Crónicas do Olheirão de Mário Pereira

Enjoativo

Anda por aí uma grande polémica em torno de um livro da autoria do anterior governador do Banco de Portugal, onde ele se queixa de eventuais pressões do primeiro-ministro.

Penso que ainda existe uma coisa chamada segredo bancário e que, acima de todos, isso obrigará o Governador do Banco de Portugal. Agora que o ex-governador do Banco de Portugal veio contar as conversas que teve no âmbito da sua atividade, porquê razão não poderá qualquer bancário fazer o mesmo?

Quando comecei a ouvir notícias sobre este livro a primeira coisa que me veio à memória foram as memórias de Cavaco Silva e, por coincidência, antes de começar a escrever esta crónica ao fazer zapping na televisão, passei por um canal de notícias que nesse momento interrompeu o que estava a passar para dar imagens do Professor Cavaco Silva a sair da sessão de apresentação do dito livro.

Além de outras coisas, pareceu-me mal que a Gulbenkian aceitasse fazer a apresentação no seu auditório, pois o objetivo era só associar a Fundação ao livro.

A grande notícia é que o primeiro-ministro terá pressionado o Governador do Banco de Portugal em algumas situações. Não vejo que isso seja notícia, parece-me óbvio e natural que na relação entre o Governo e o Baco de Portugal existam pressões.

Aliás todos os governadores do Banco de Portugal costumam pressionar os governos, nomeadamente, através das suas intervenções públicas sobre política económica, entrevistas ou relatórios.

O problema foi muito bem colocado pelo presidente do BCP que disse que a questão não é se há pressões, mas se somos independentes para lhes resistir.

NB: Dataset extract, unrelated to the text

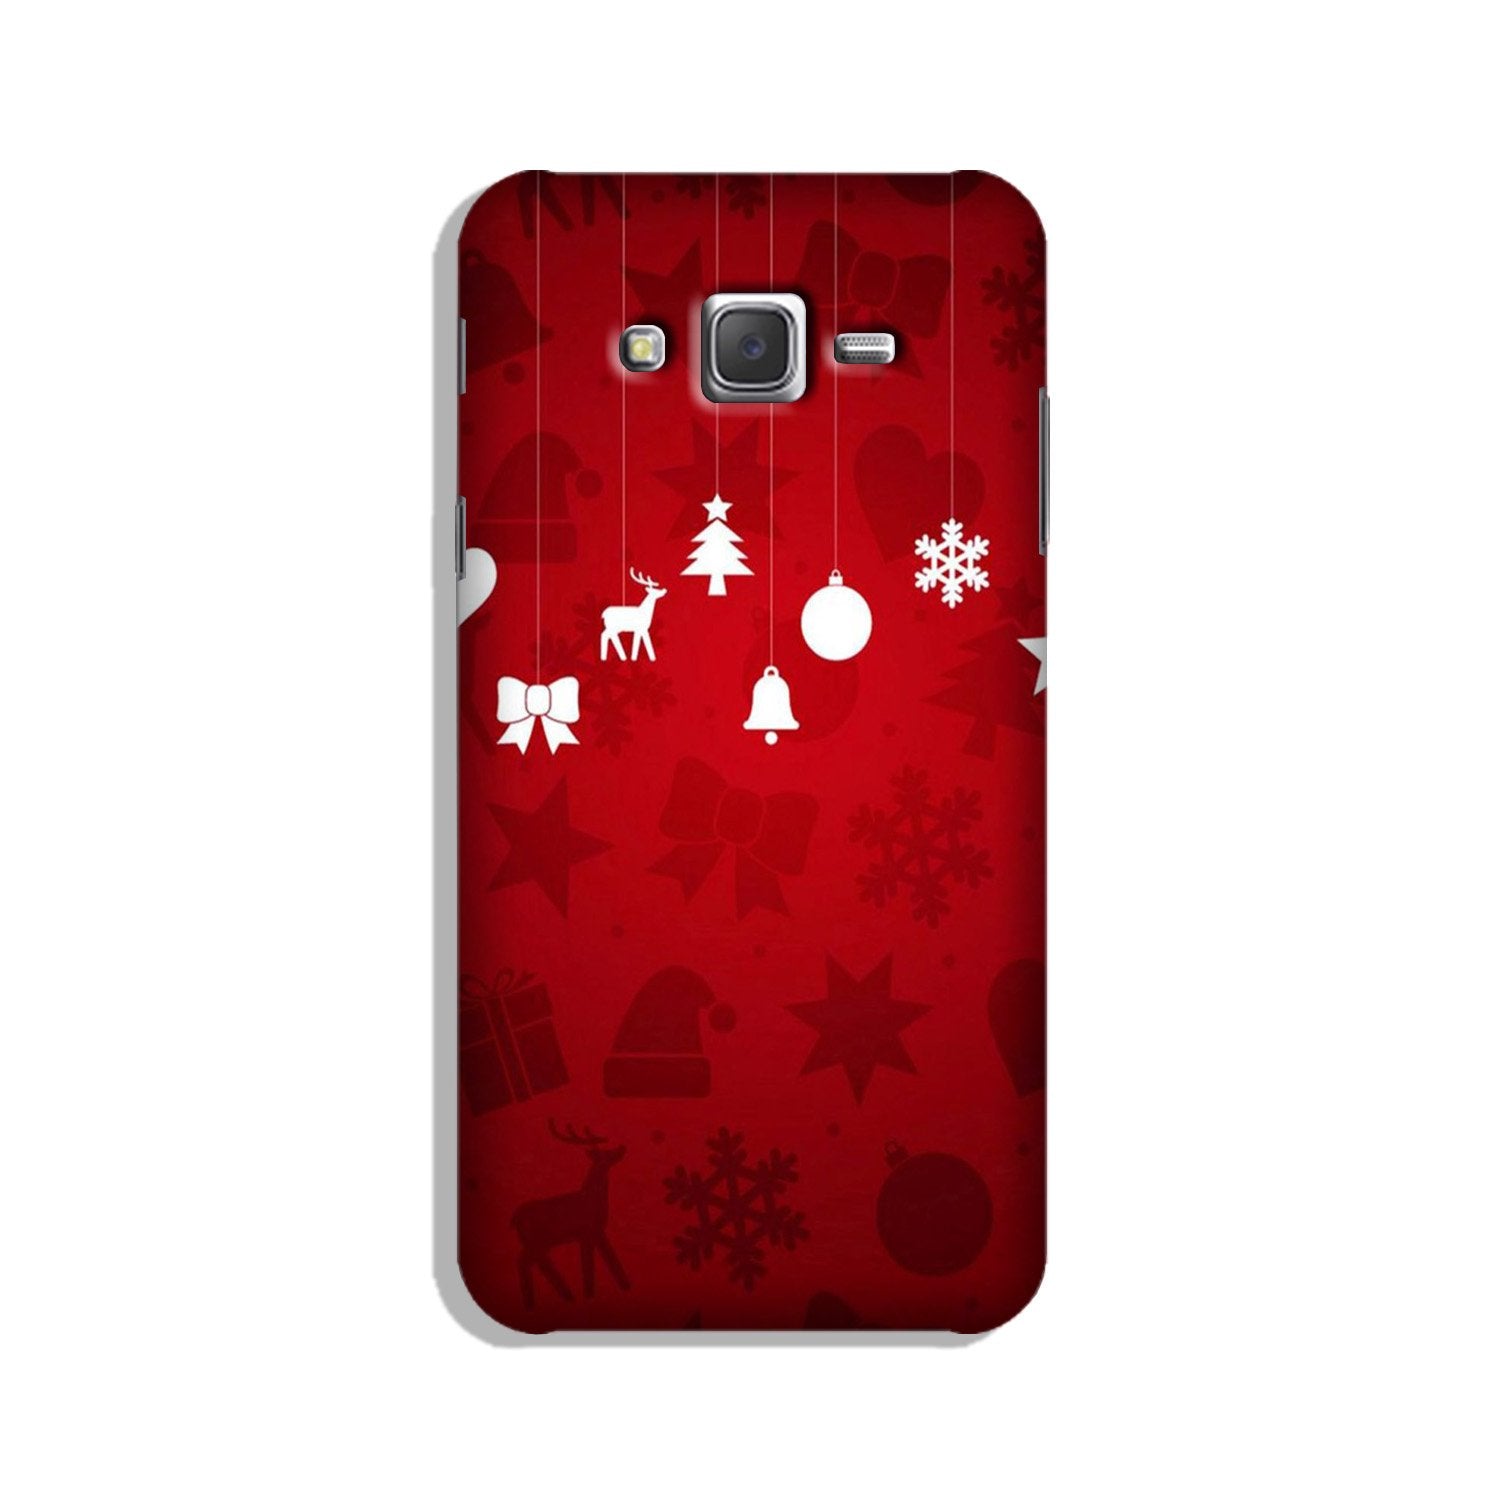 Christmas Case for Galaxy J3 (2015)

Não sei o que está escrito no livro, mas ver associadas a ele pessoas como Cavaco Silva e Marques Mendes, o grande especialista nacional em influências, é suficiente para perceber a intenção.

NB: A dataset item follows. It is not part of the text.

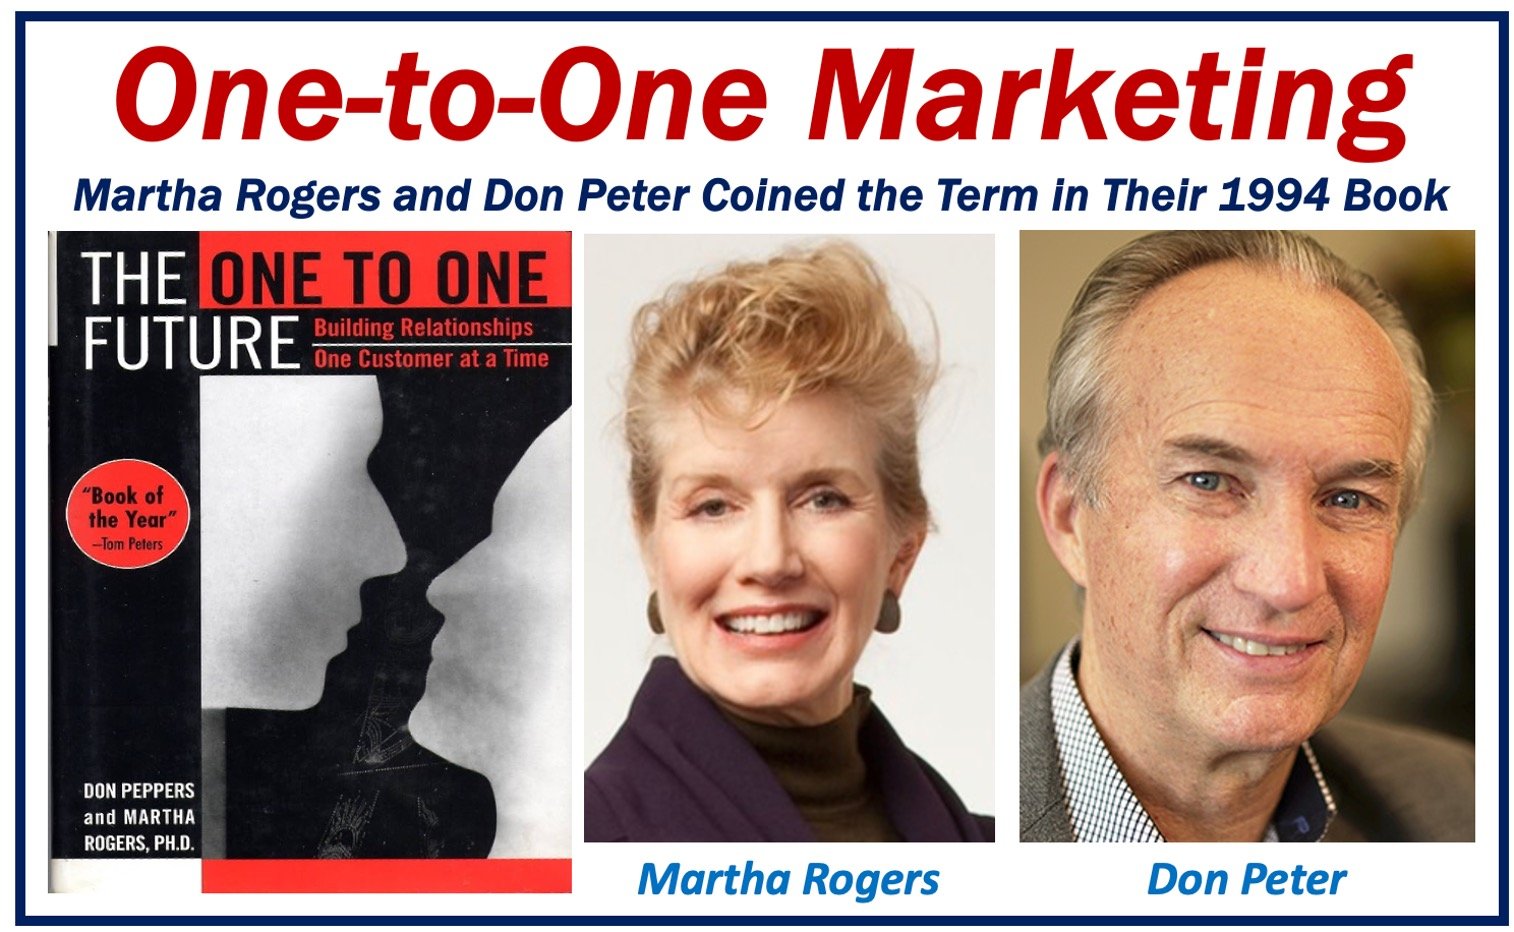 Authors who coined the term One-to-One Marketing

Faz-me pena ver o PSD a, tão prontamente, tentar usar esta história para atacar António Costa. Convenhamos que não diz grande coisa sobre a sua capacidade de iniciativa política.

O jogo de pressões entre o Banco de Portugal, o governo, o sistema financeiro e os grandes advogados, Bruxelas e o BCE  faz parte da vida e é natural que cada um tente fazer prevalecer os seus pontos de vista.  É por isso que pagamos 15 000€ por mês ao Governador. Se fosse para estar sentado dentro de um redoma de vidro com ar condicionado podíamos lá por um boneco. Se, como parece, o Dr. Carlos Costa ficava tão incomodado com as pressões, claramente, não estava à altura do cargo.

Subscrevo, por inteiro, uma reação do Santana Lopes em que ele, basicamente, disse que se o ex-governador do Banco de Portugal tinha alguma coisa a dizer, tinha a obrigação de o ter dito na altura e em tempo útil e se não teve coragem para o fazer então, agora não tem mais do que ficar calado.

Eu acrescentaria, que a sua atuação e os aproveitamentos a que se tem prestado, são um tanto enjoativos e confirmam que não prestava para Governador do Banco de Portugal.